A topic that I would be interested to understand better is .mobi. I see that you mentioned it the other day — but what is the situation with buying these urls? How many people actually know to type in .mobi? Or if you are on a mobile, when you type in a .com are you typically redirected to one? Will those domains eventually become obsolete because the technology in iPhones and such?

I am going to be out of pocket all day today, but I know there are many people out there with greater knowledge of the .mobi extension. I am going to give my very brief overview of .mobi below, but I am opening this up for others to answer the question above in the comment section. I will approve any respectful comment if you can keep your response to 3 paragraphs or less.

My opinion about .mobi is that it is purely a marketing play. Once consumers know about .mobi, they will know any domain name with the .mobi extension is pre-optimized for mobile phone usage. If companies use and promote their domain name with the .mobi extension, consumers will become accustomed to using .mobi on their mobile devices, and they will know what .mobi means.

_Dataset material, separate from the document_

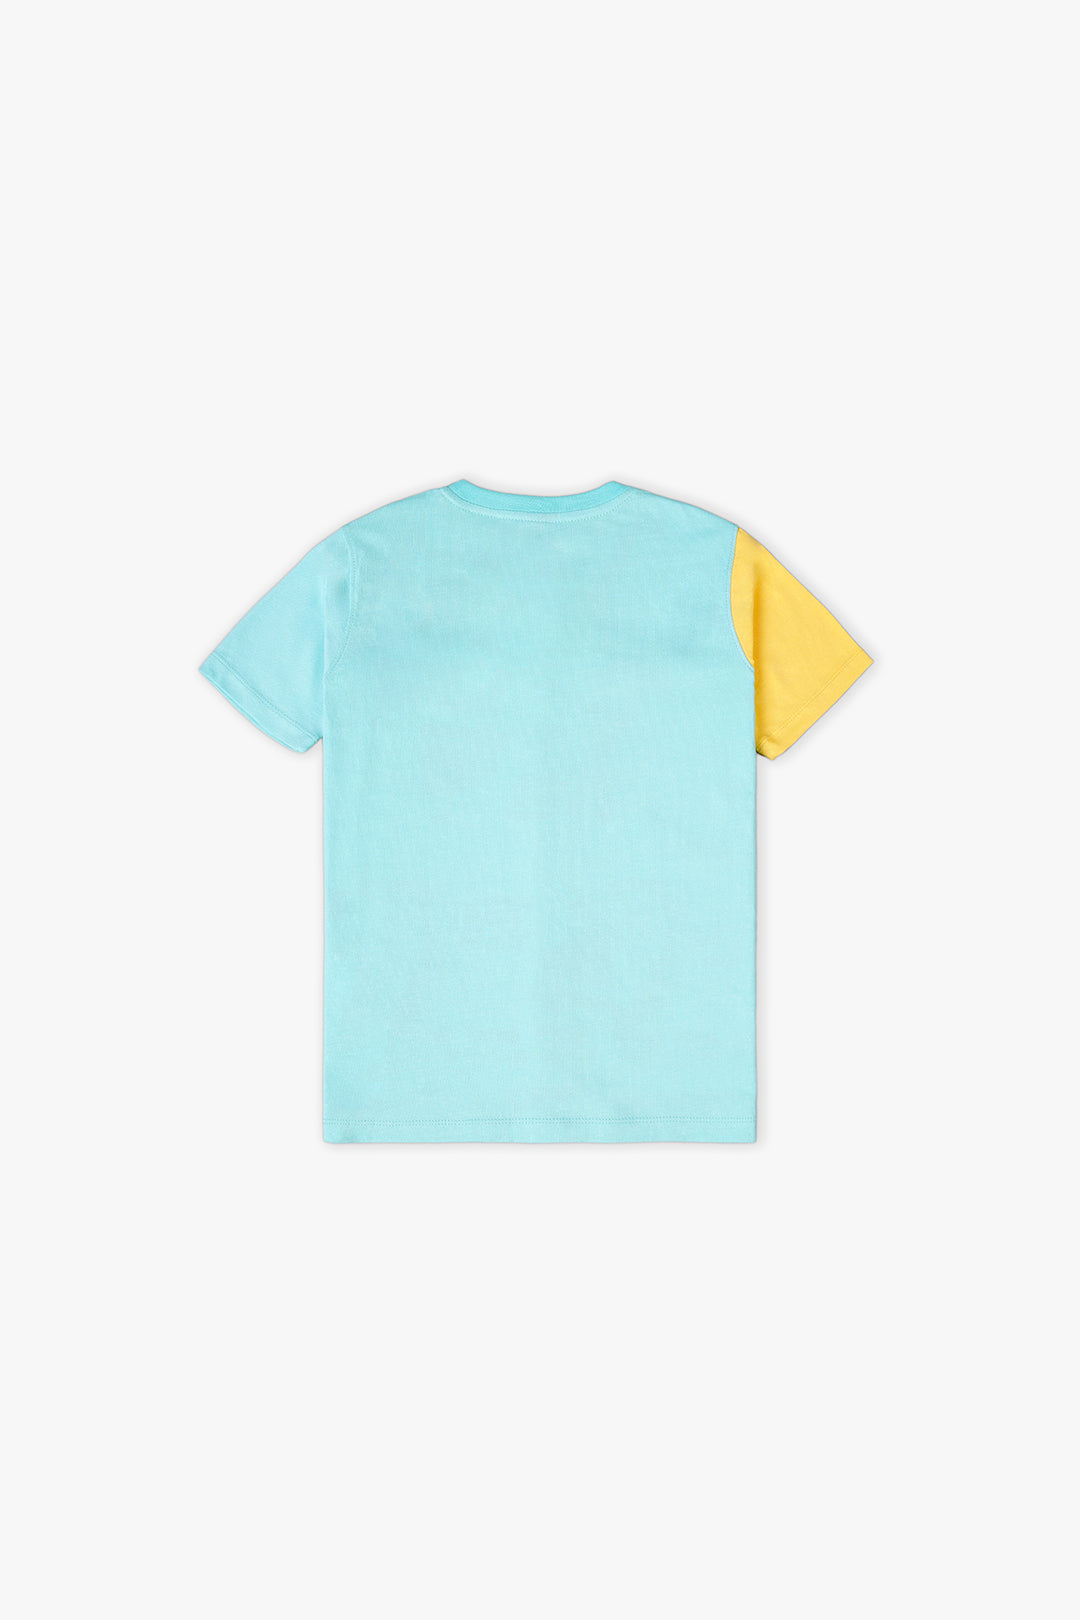 Boy's Minion Graphic T-Shirt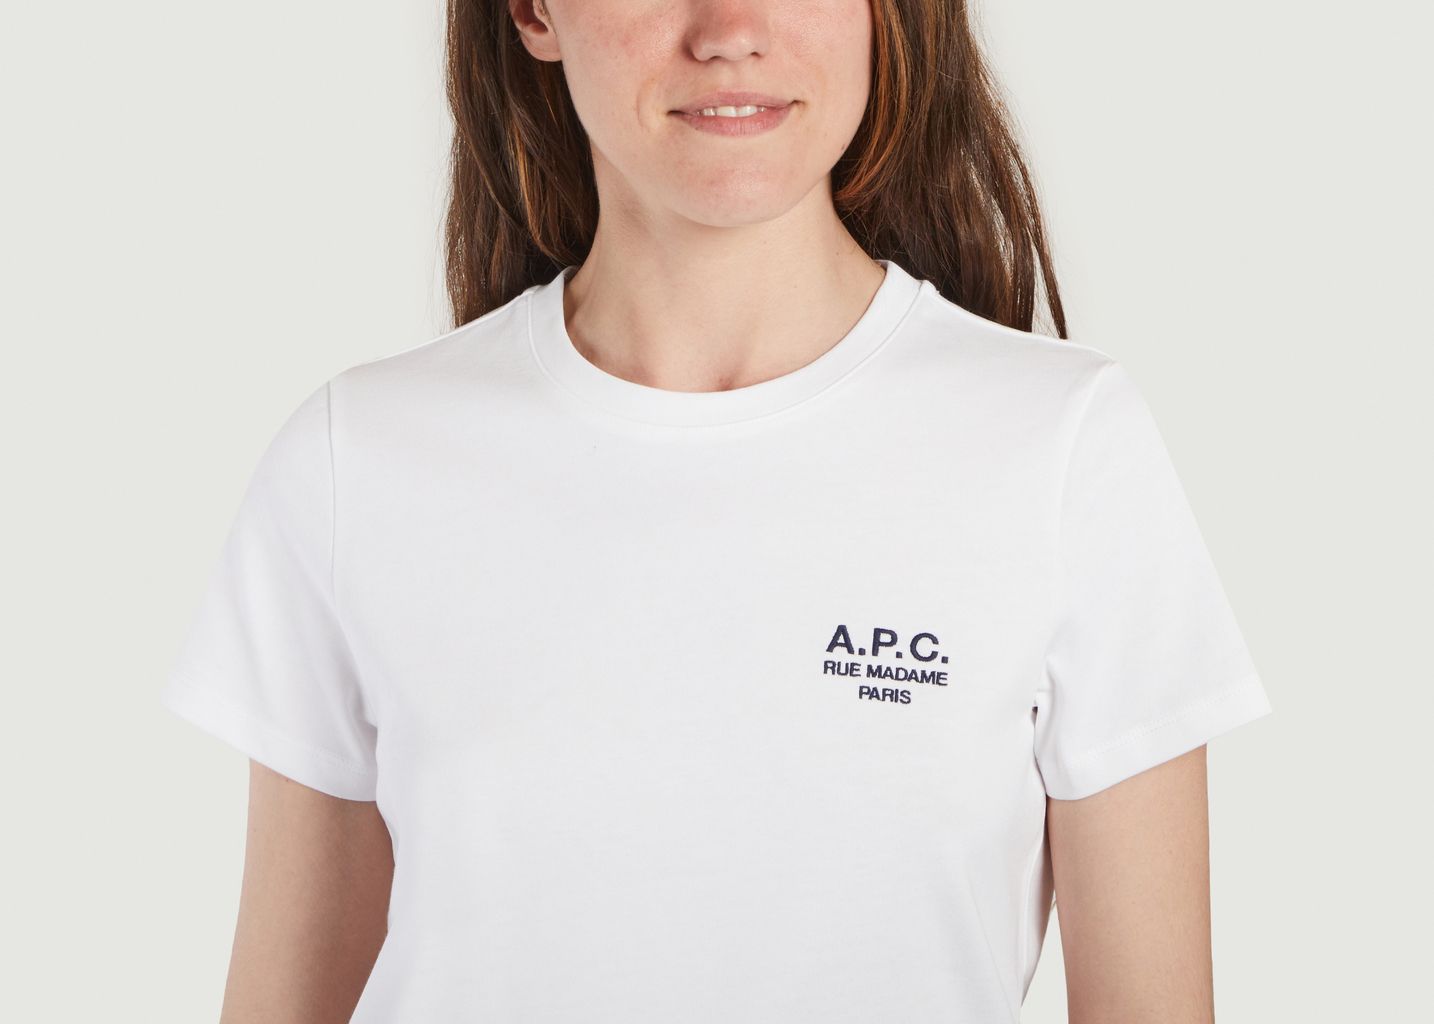 Denise T-shirt with Denise logo - A.P.C.

Because it was recently introduced, most companies companies have not used .mobi, and most consumers don’t know what .mobi is or does. Many brands who own .mobi names registered them for protective purposes, just as they try to register every other foreign extension. If and when more brands develop their .mobi names, consumers will learn about the extension, and for people who own them, the value will presumably increase. Most of the big purchases seem to be based on speculation that the value will increase rather than companies buying them to develop into mobile websites.